Beyond these major classifications, a growing list of individual contaminants has drawn significant scientific attention due to their impacts on wildlife and human health, including pharmaceuticals and personal care products, nano-engineered materials, flame retardants, artificial sweeteners, pesticides, tire rubber chemicals, quaternary ammonium compounds, and disinfection byproducts. Two things quickly become clear: the issue of environmental chemical contamination has become both widespread and deeply significant, and the issue is incredibly complex. As the old adage goes, we cannot manage what we cannot measure.
Measurement and monitoring of environmental contaminants across air, water, and soils is essential in the effective management and remediation of these challenges. Robust environmental monitoring frameworks spanning passive sampling in aquatic systems, biomonitoring in sentinel species, atmospheric deposition monitoring, and advances in high-resolution mass spectrometry and non-targeted analytical screening are increasingly capable of detecting not just the contaminants we are actively looking for, but those we are not. This distinction is critical: the history of environmental contamination is largely a history of delayed recognition, where the consequences of chemical exposure became undeniable long before the scientific and regulatory infrastructure was prepared to act on them. DDT was in widespread use for over three decades before its ban. PFAS compounds were detected in human blood globally before a single enforceable drinking water standard existed. The pattern is both consistent and unacceptable.
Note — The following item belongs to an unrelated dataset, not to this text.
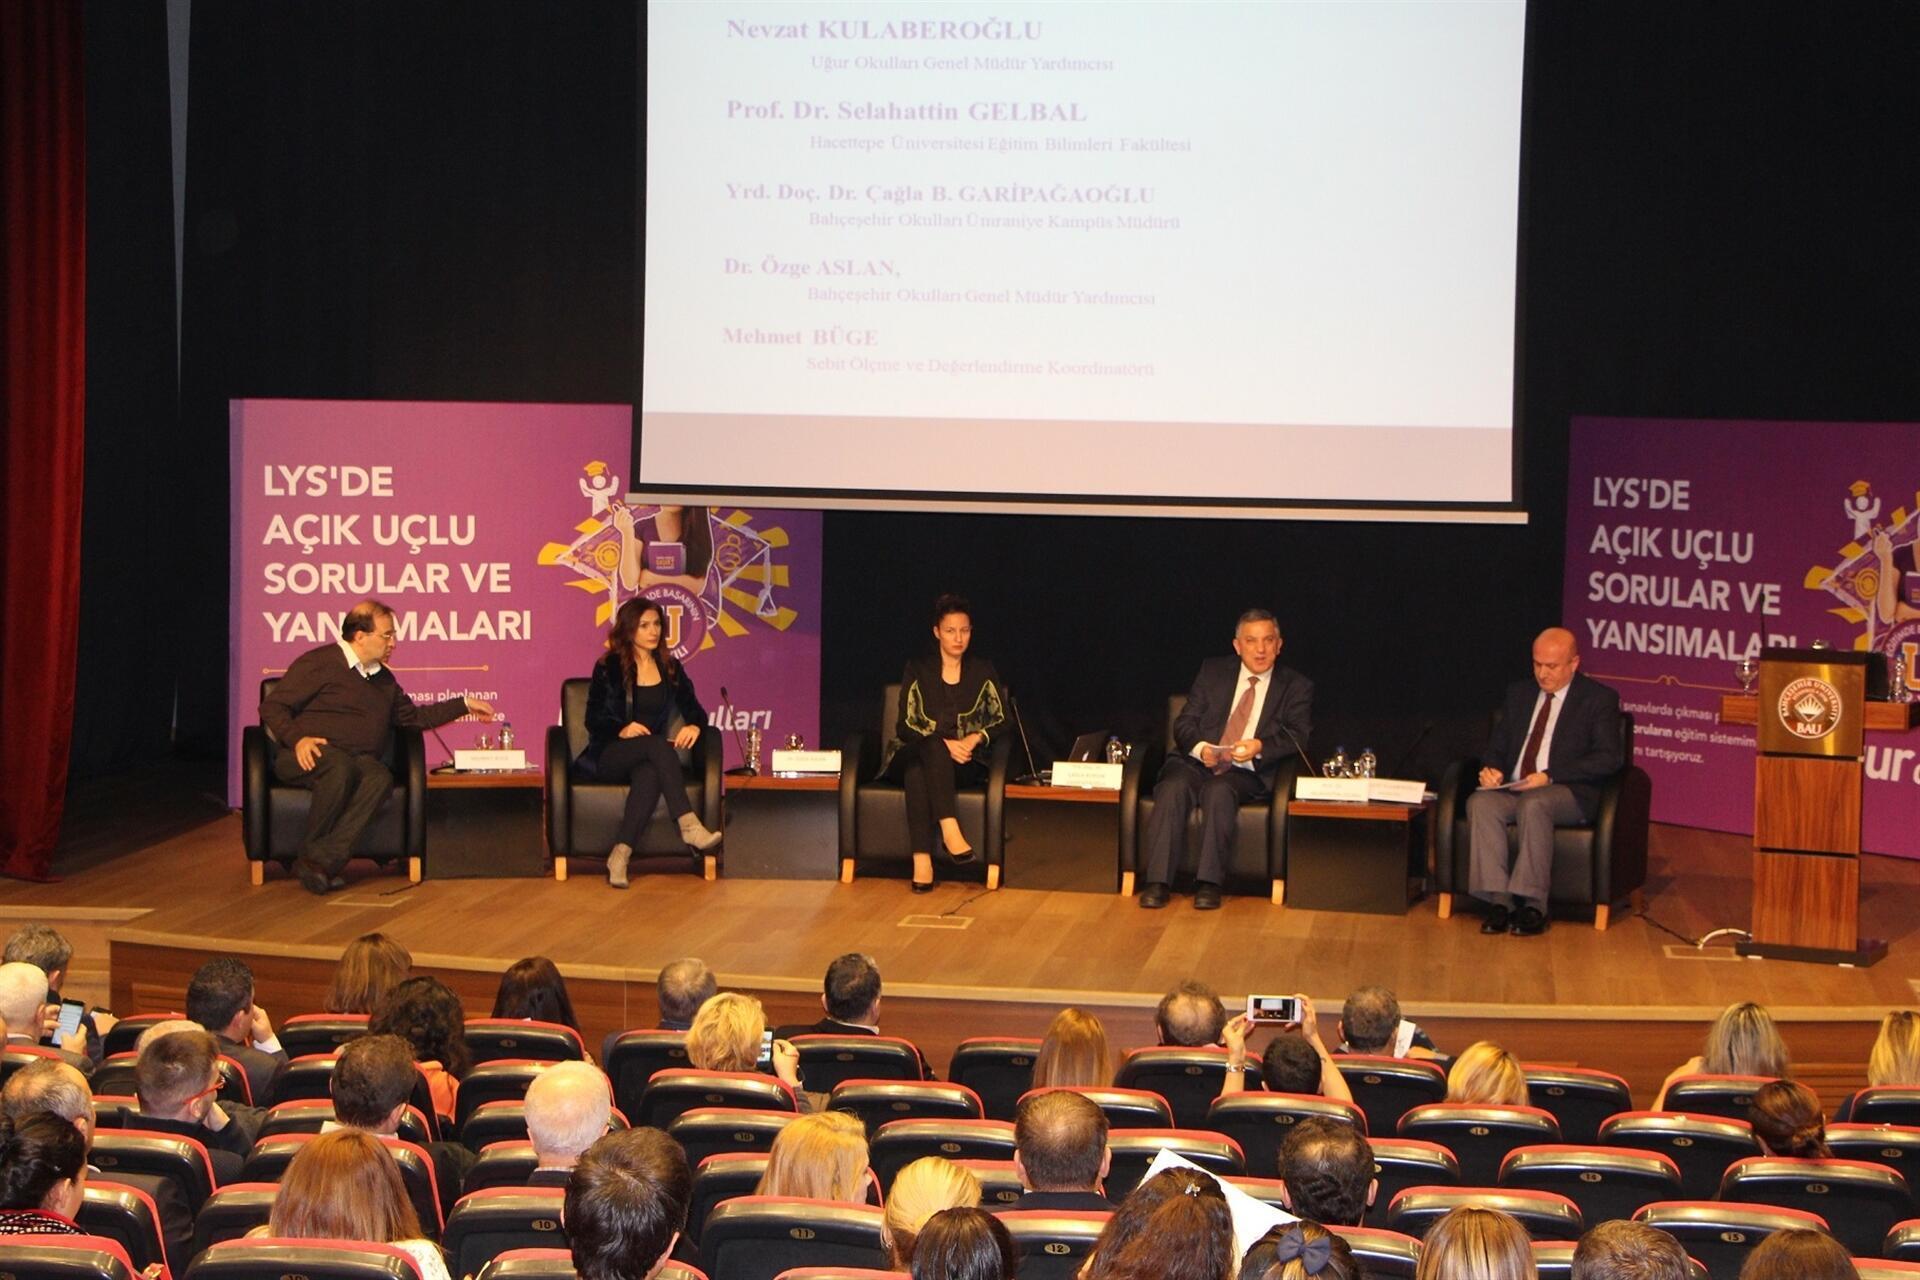 2013 yılında üniversiteye giriş için avantajlar: değişikliklere genel bakış
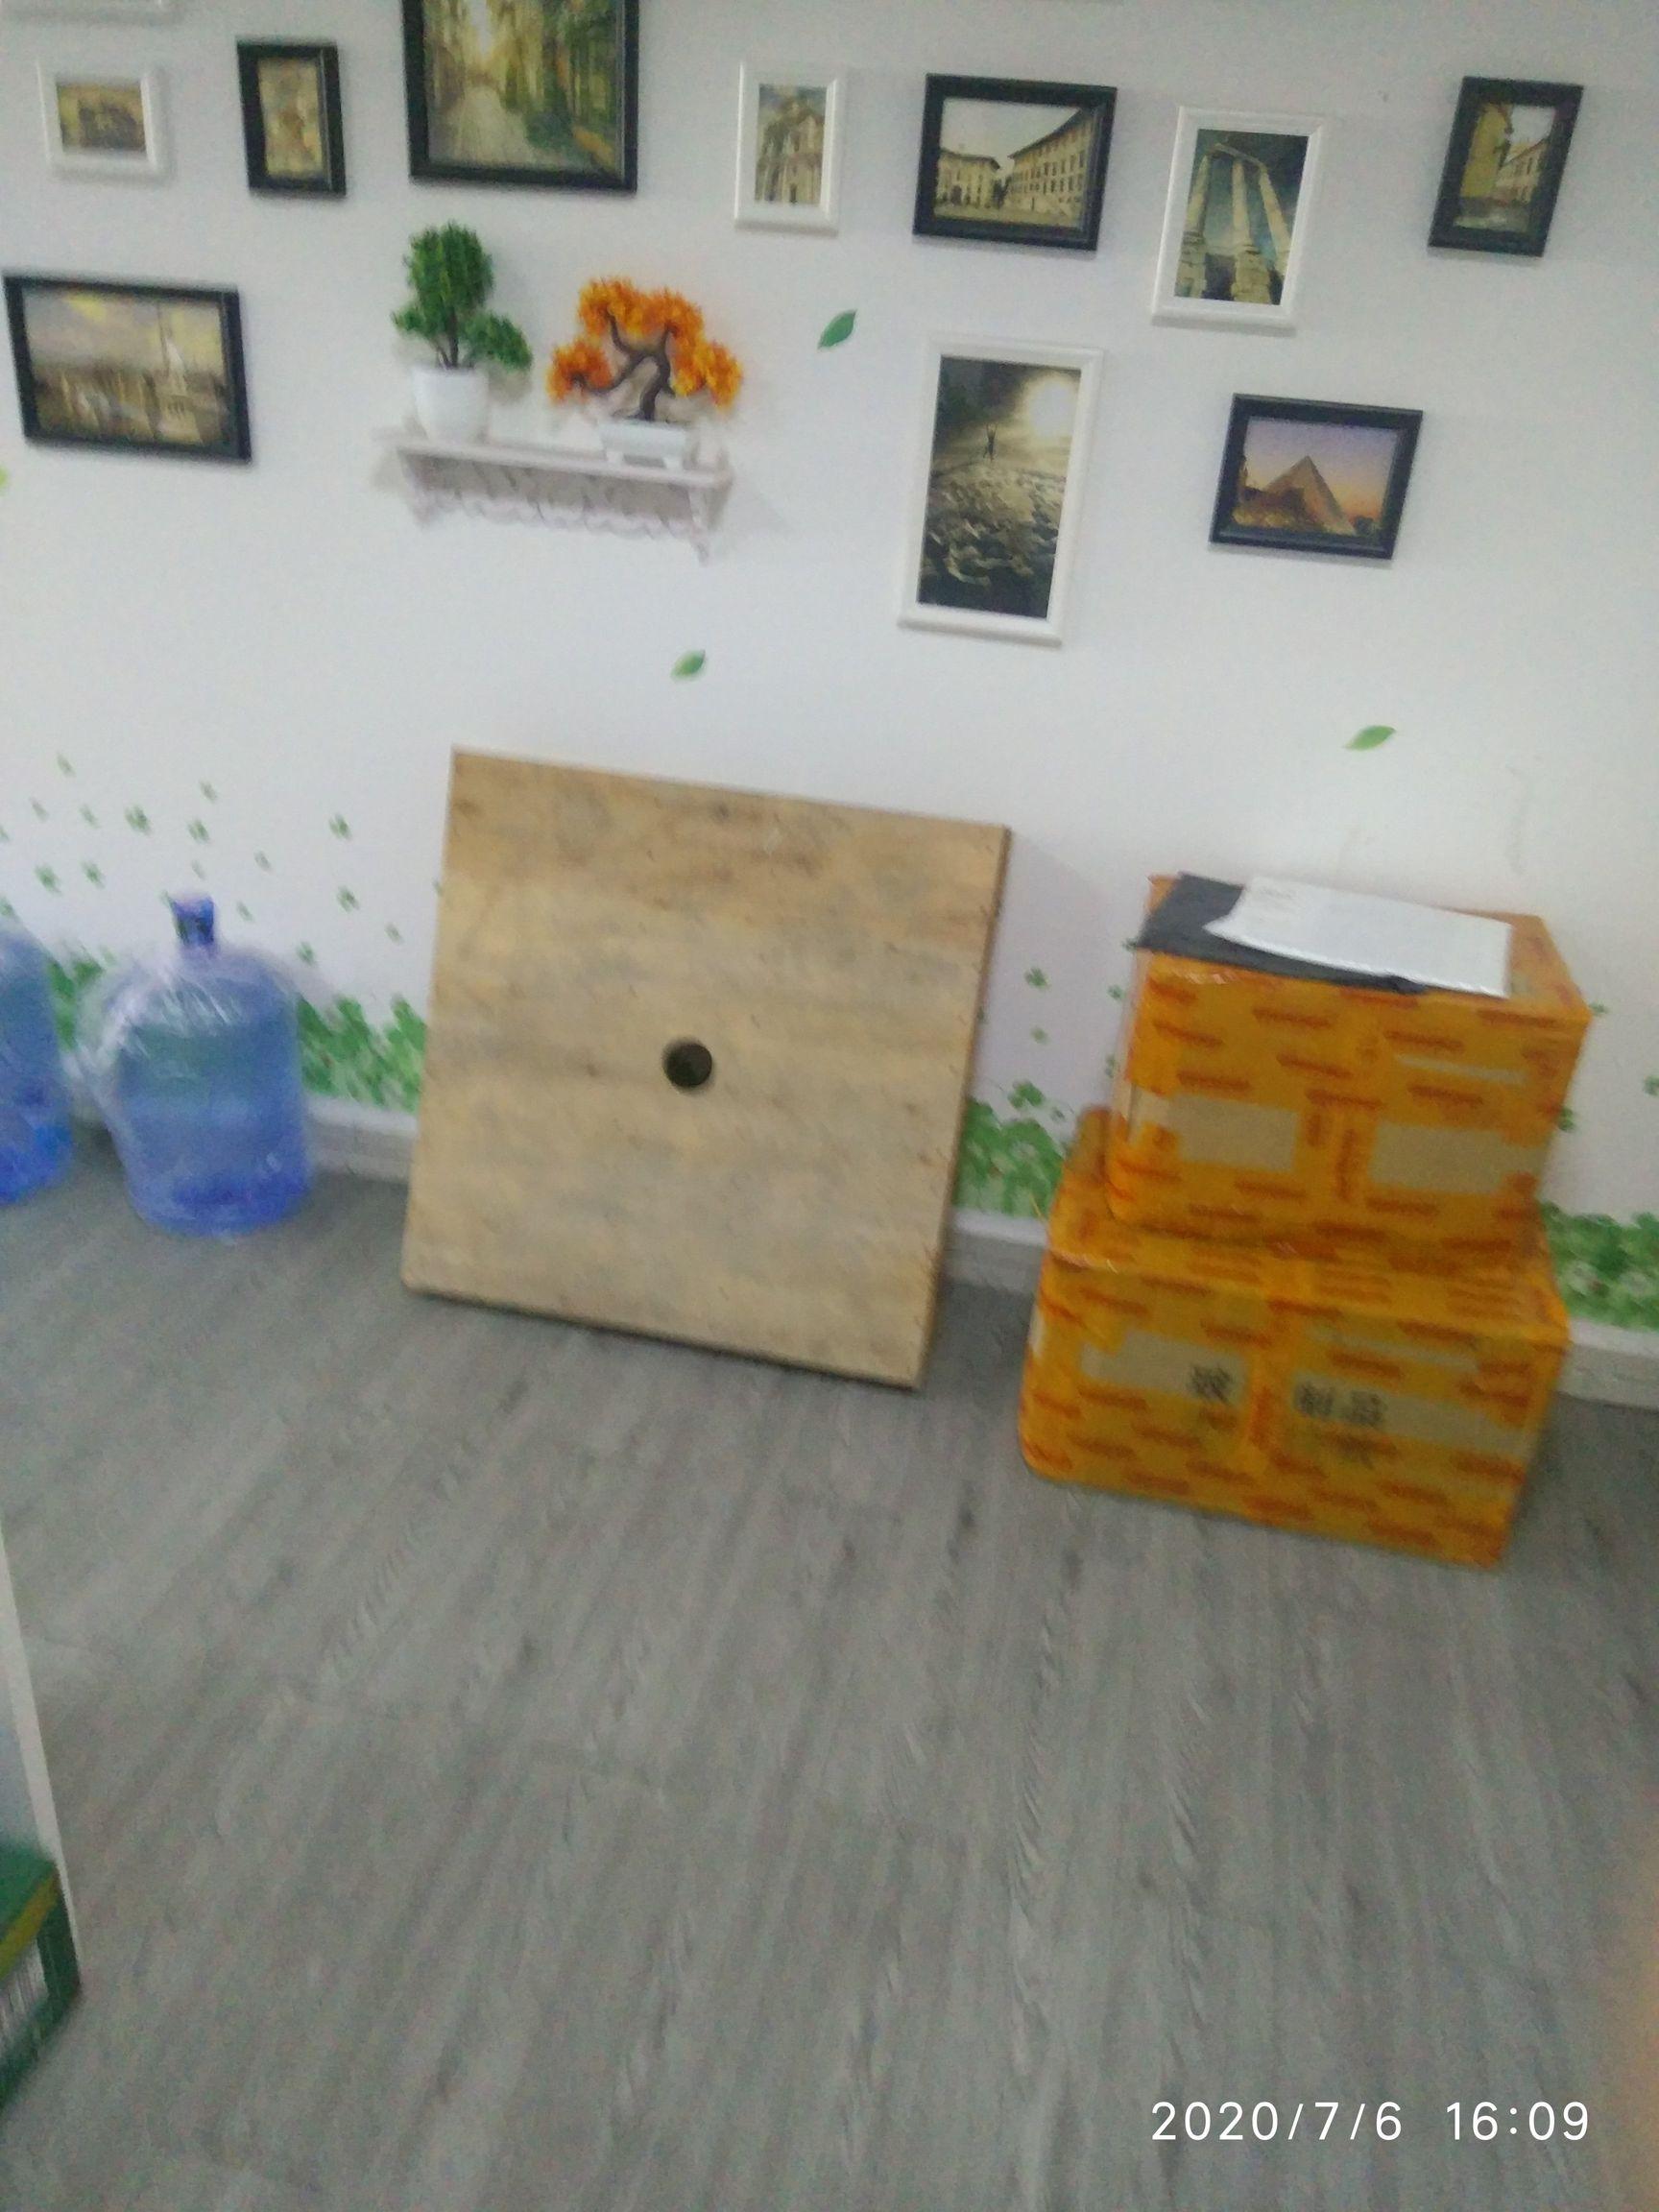 苏州相城松木木托盘厂家,◤のゅ︾松木木托盘厂家,∶ぃ㏼硬木木托盘

The Anthropocene, if we are to accept it as our current chapter, will ultimately be defined not just by what humanity built, but by what it left behind. The chemicals we have introduced into Earth's systems, many of them invisible, poorly characterized, and resistant to degradation, represent one of the most enduring and consequential legacies of industrial civilization. Addressing this crisis will require more than incremental improvements to existing regulatory frameworks. It will require a fundamental shift toward proactive, systems-level environmental monitoring, international chemical transparency, and a precautionary approach to the introduction of new substances into environments that, as the evidence increasingly suggests, we do not yet fully understand.